For the evaluation items ${\epsilon }_{T,1\text{-}2}^g,$ ${\epsilon }_{T,3\text{-}4}^{\rho }$, and ${\epsilon }_{T,3\text{-}4}^g,$ the normalized comprehensive judgment $\tilde{\mathit{B}}$ has a relatively large proportion in $v_1$ (Small) and $v_2$ (Relatively Small), and the score S is between 1 and 2. This indicates that the uncertainty of the evaluation items ${\epsilon }_{T,1\text{-}2}^g,$ ${\epsilon }_{T,3\text{-}4}^{\rho }$, and ${\epsilon }_{T,3\text{-}4}^g$ obtained from the judgment values of the influencing variables in Table 3 are at a small level. The score S of each evaluation item depends on the distribution of the judgment values of the influencing variables. If the evaluation values are distributed towards $v_1$ (Small) and $v_2$ (Relatively Small), then the score S will be correspondingly smaller. However, if the evaluation values are distributed towards $v_4$ (Relatively Small) and $v_5$ (Large), then the score S will be correspondingly larger.

In practical engineering applications, the mechanical and thermal properties of the strain gauges on adjacent bridge arms, or fixed resistance values, compensation blocks, and the measured structure, test cables, etc., in Table 2 and Table 3 should be kept consistent, and the environmental temperature changes in these parts should also be kept as consistent as possible. Then, the output uncertainty of the constructed strain testing system will be greatly reduced, ensuring the accuracy and reliability of the aircraft structure strain testing.

6. Flight Test Verification and Statistical Analysis

6.1. Measured Strain Time–History

The strain time–history of the structural test location is obtained by converting the original measured strain code values into physical quantities. Figure 14 shows the synchronous time–history curves of the airborne measured strain of the structure during flight takeoff and landing, along with flight parameters such as normal overload, altitude, ground speed, and temperature, covering mission segments including pre-takeoff ground segment, climb segment, in-flight maneuver segment, descent segment, and landing ground segment. All parameters have a sampling rate of 64 Hz, and the horizontal axis represents the sequence numbers of discrete sampling points in the flight takeoff and landing.

It can be obtained from the figure that (1) the measured structural strain has a high correlation with the normal load factor throughout the flight process, and (2) in the ground segment, from the start of the data collection on the test system to before the aircraft accelerates and leaves the ground, the strain at the measurement location is near zero, while in the air segment, when the ambient temperature changes greatly, the strain at the measurement location does not show an obvious trend related to temperature changes.

6.2. Strain and Flight Parameters Statistical Analysis

The loads and strains endured by an aircraft structure are closely related to its flight conditions, which can be described by a set of flight parameters.
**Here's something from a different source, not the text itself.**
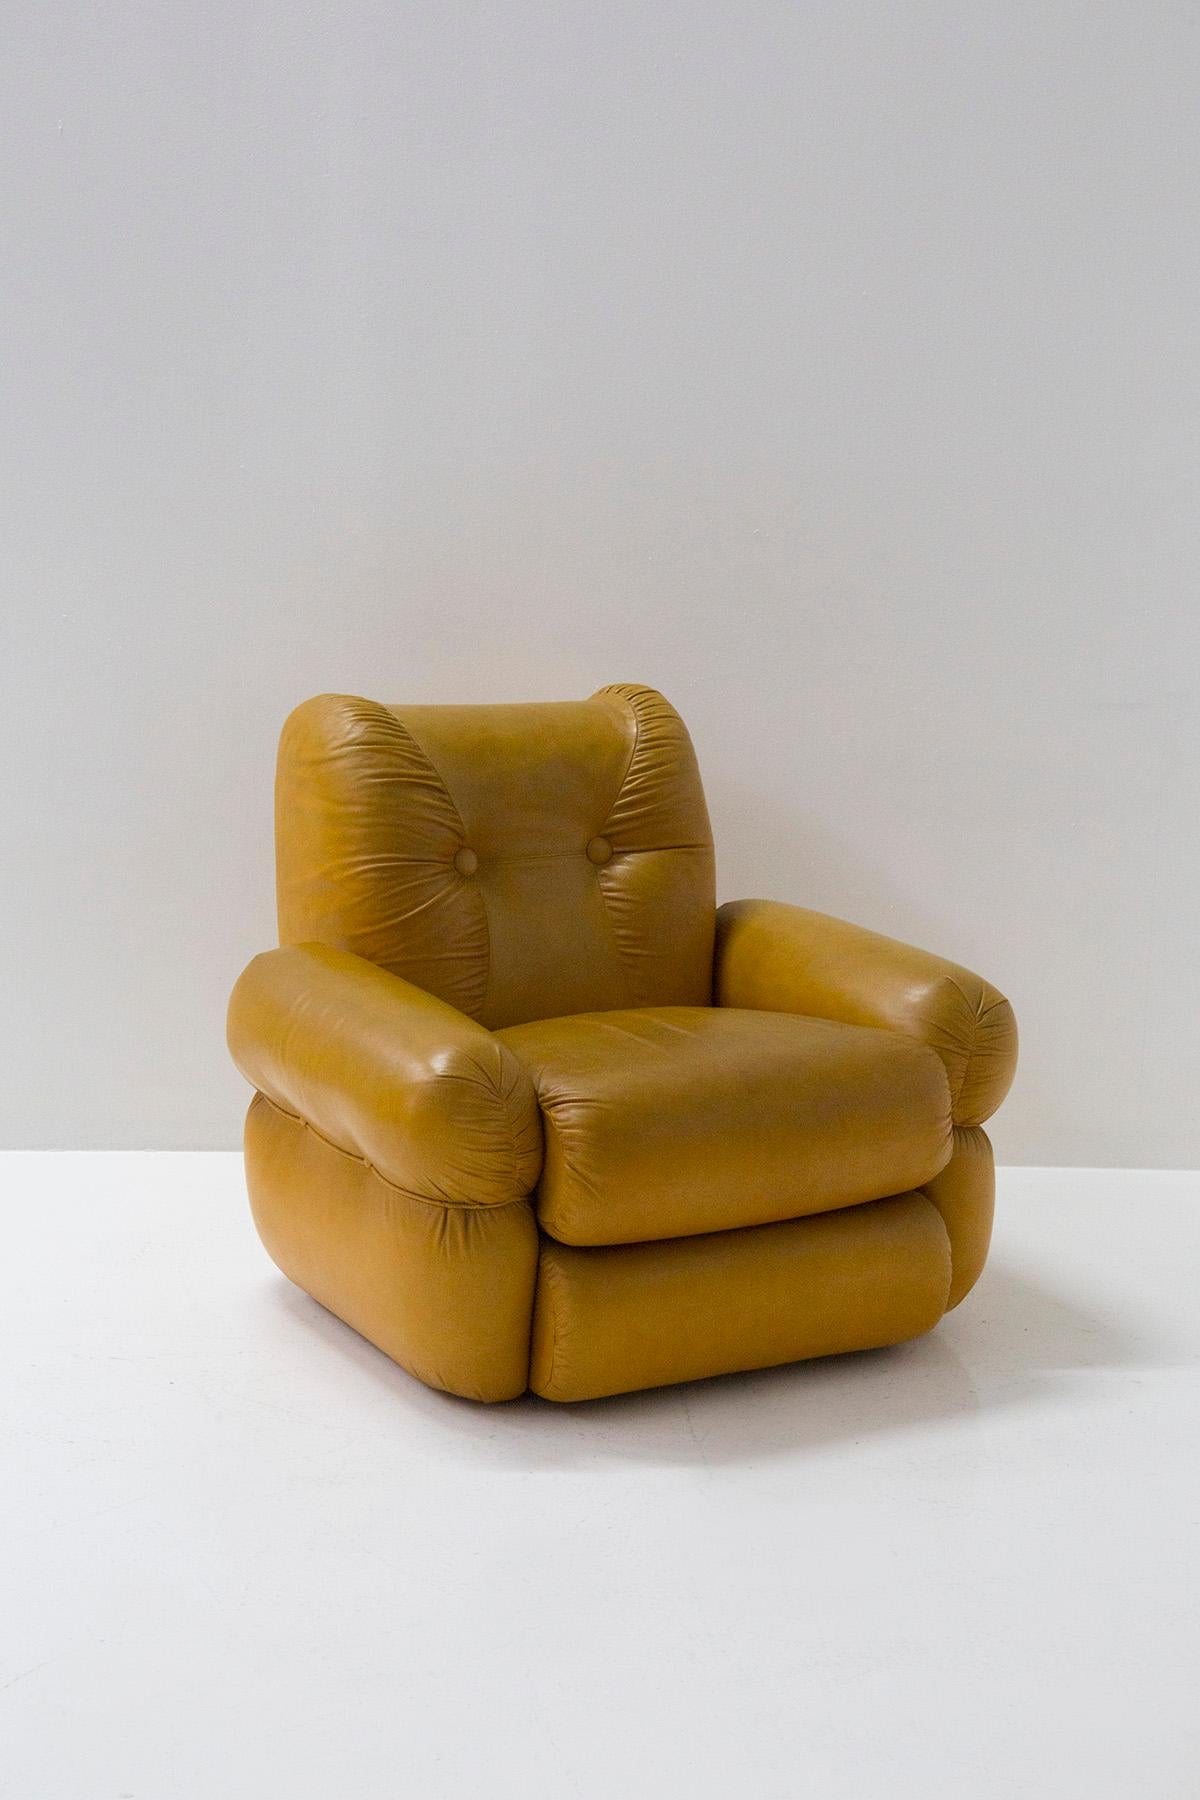 Faites un saut dans le passé avec notre remarquable ensemble de fauteuils en cuir italien vintage. Ces fauteuils exquis, fabriqués en Italie dans les années 1970, capturent l'essence de cette époque emblématique. Avec leur design épuré, proche de
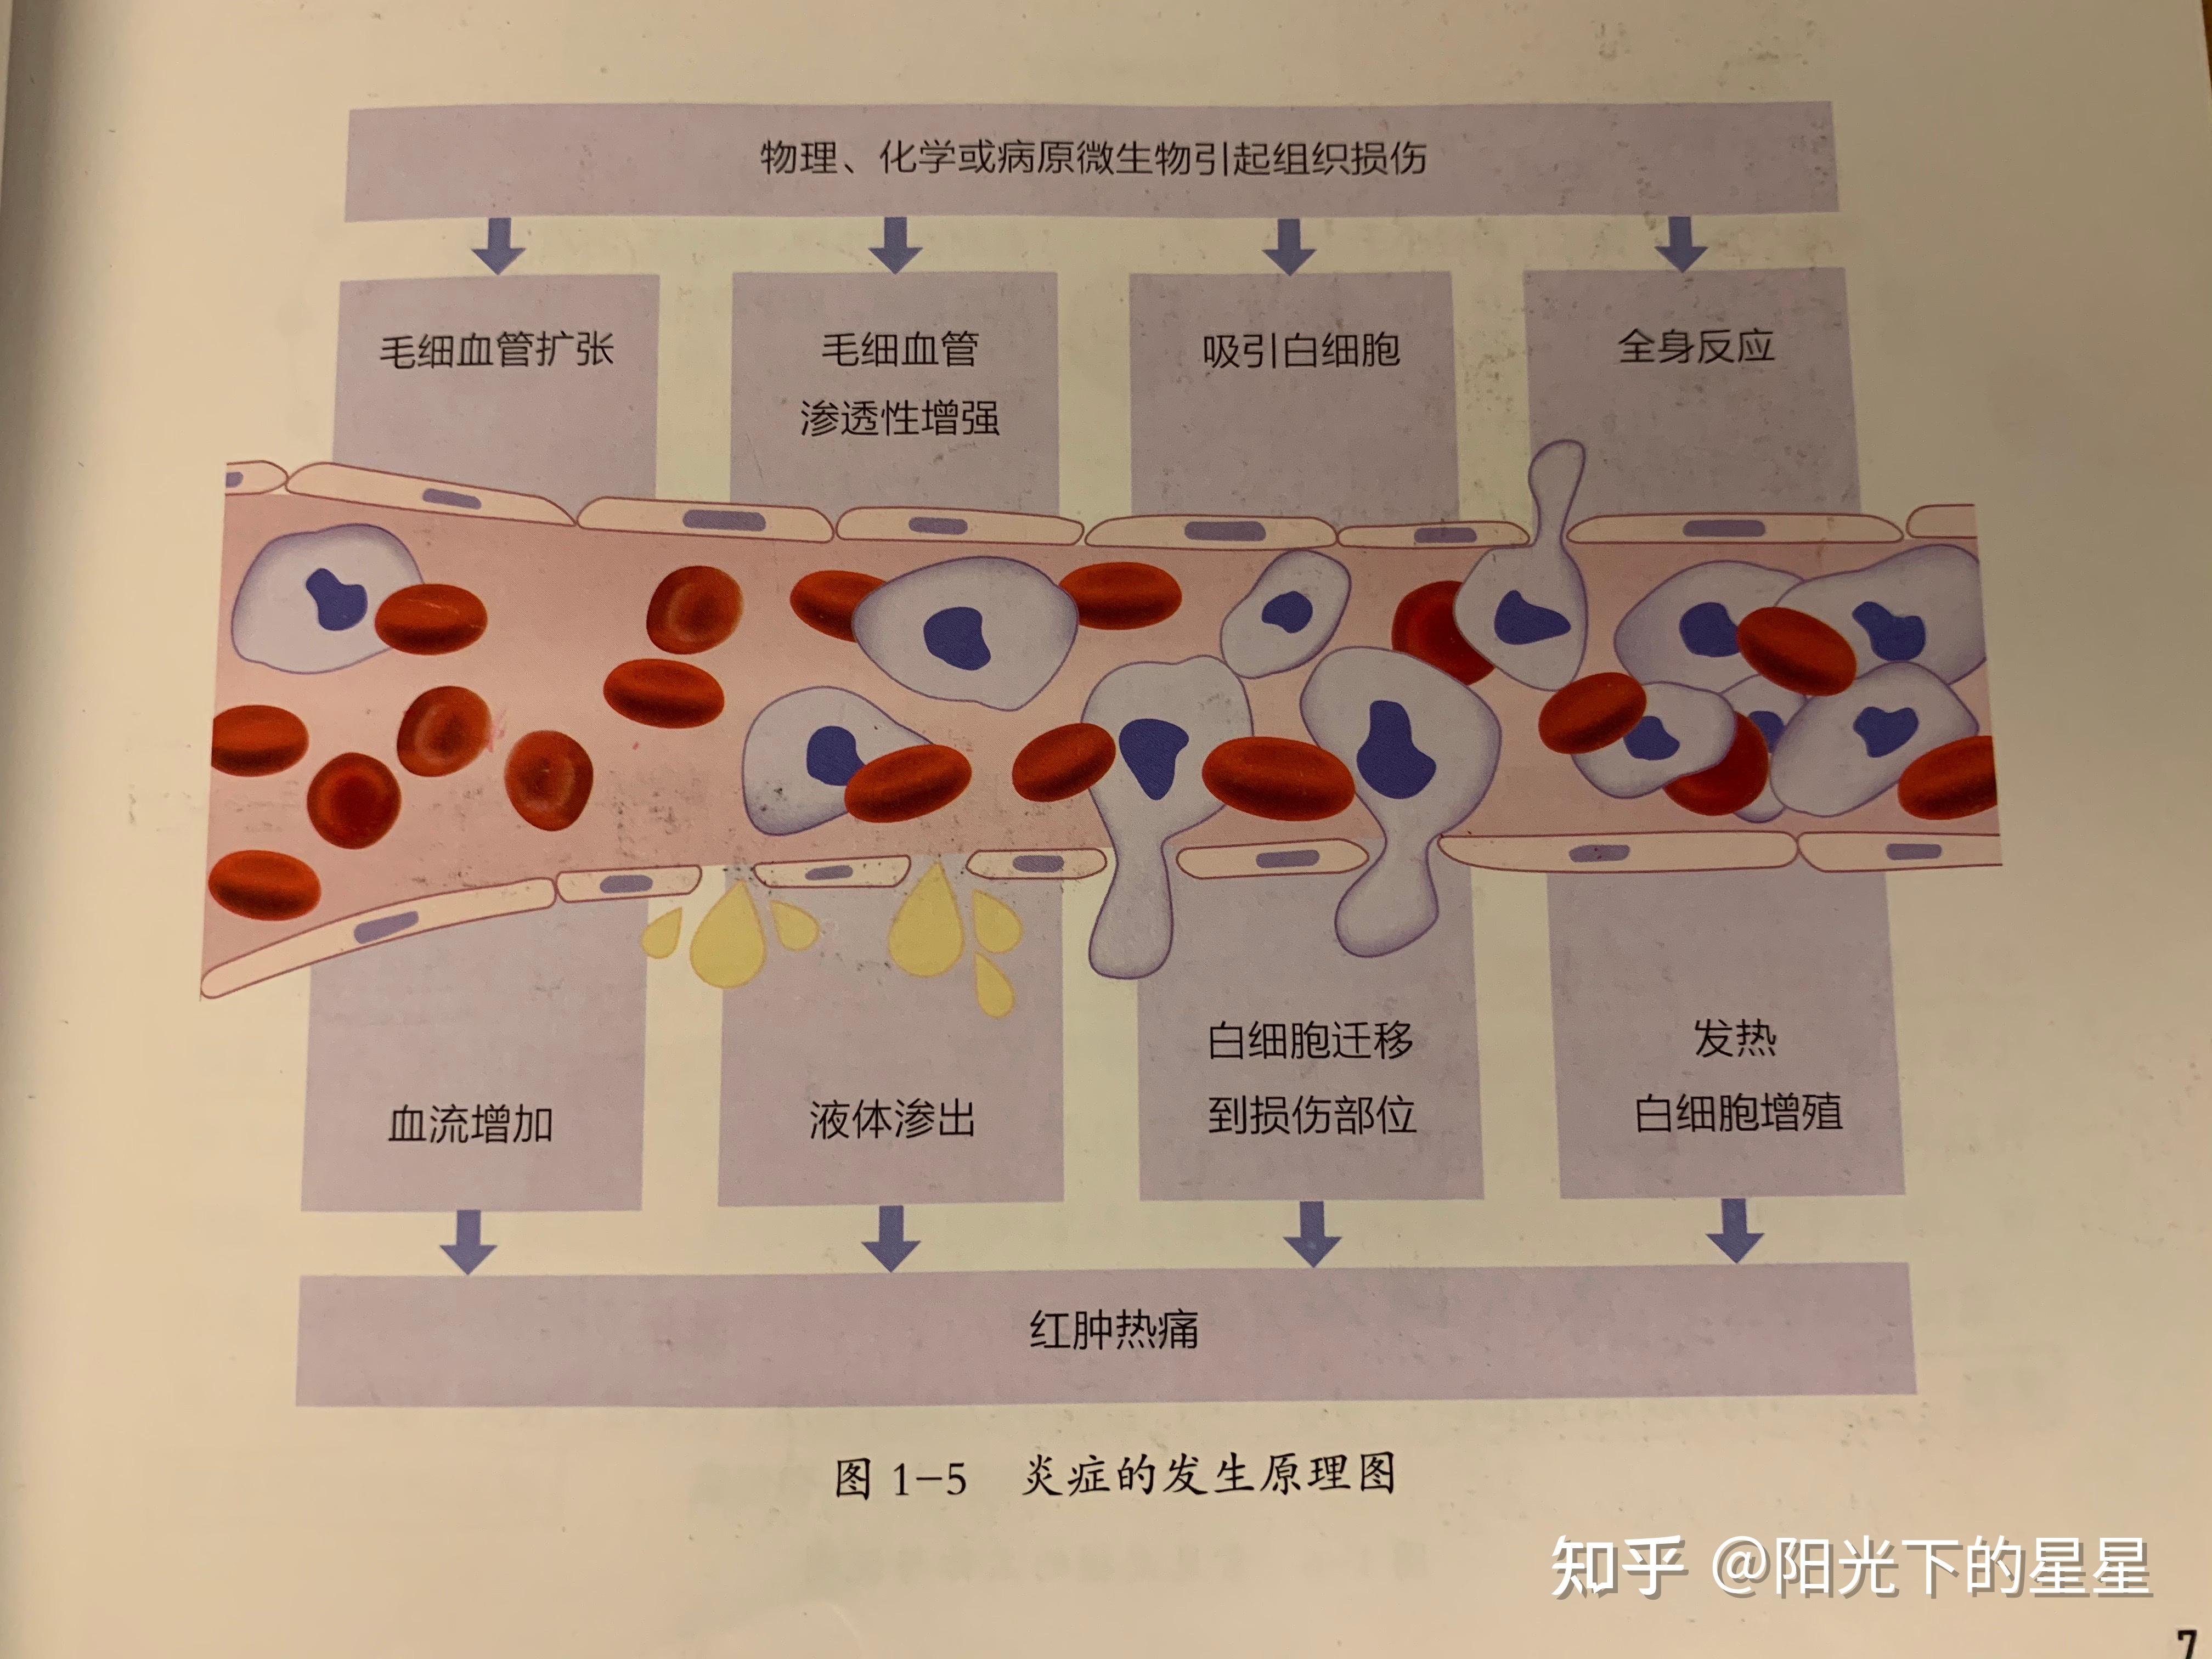 在炎症中,血管最终表现为扩张,血细胞(特别是白细胞) 游出血管,进入

To verify the effectiveness of the structural airborne strain measurement method proposed in this paper and its test results, the variation law of structural airborne strain with flight conditions is analyzed and discussed, and the effectiveness evaluation criteria are proposed: (1) the measured strain can reflect the real loading condition of the structure; (2) the proportion of strain output related to ambient temperature in the measured strain should be as small as possible.

For the first evaluation criterion, the variation law between the measured strain and the corresponding flight parameters is analyzed to verify that the measured strain can reflect the real loading condition of the structure. The least squares fitting of the measured strain and overload shows from Figure 15 that there is a significant linear correlation between the measured structural strain and normal overload. The structural strain increment under a unit normal overload of 1 g obtained by linear fitting is $\Delta \epsilon$ = 366.51 με.

For the second evaluation criterion, define the signal-to-noise ratio of the measured strain signal as $t={\displaystyle \frac{{\epsilon }_{\sigma }}{{\epsilon }_T}},$ which is the ratio of the structural strain caused by mechanical loads to the strain output caused by ambient temperature changes. The larger this value, the smaller the proportion of temperature-induced strain in the measured strain acquisition signal. Next, non-parametric correlation analysis is used to discuss the relative magnitude of the temperature-induced strain in the measured strain due to temperature changes.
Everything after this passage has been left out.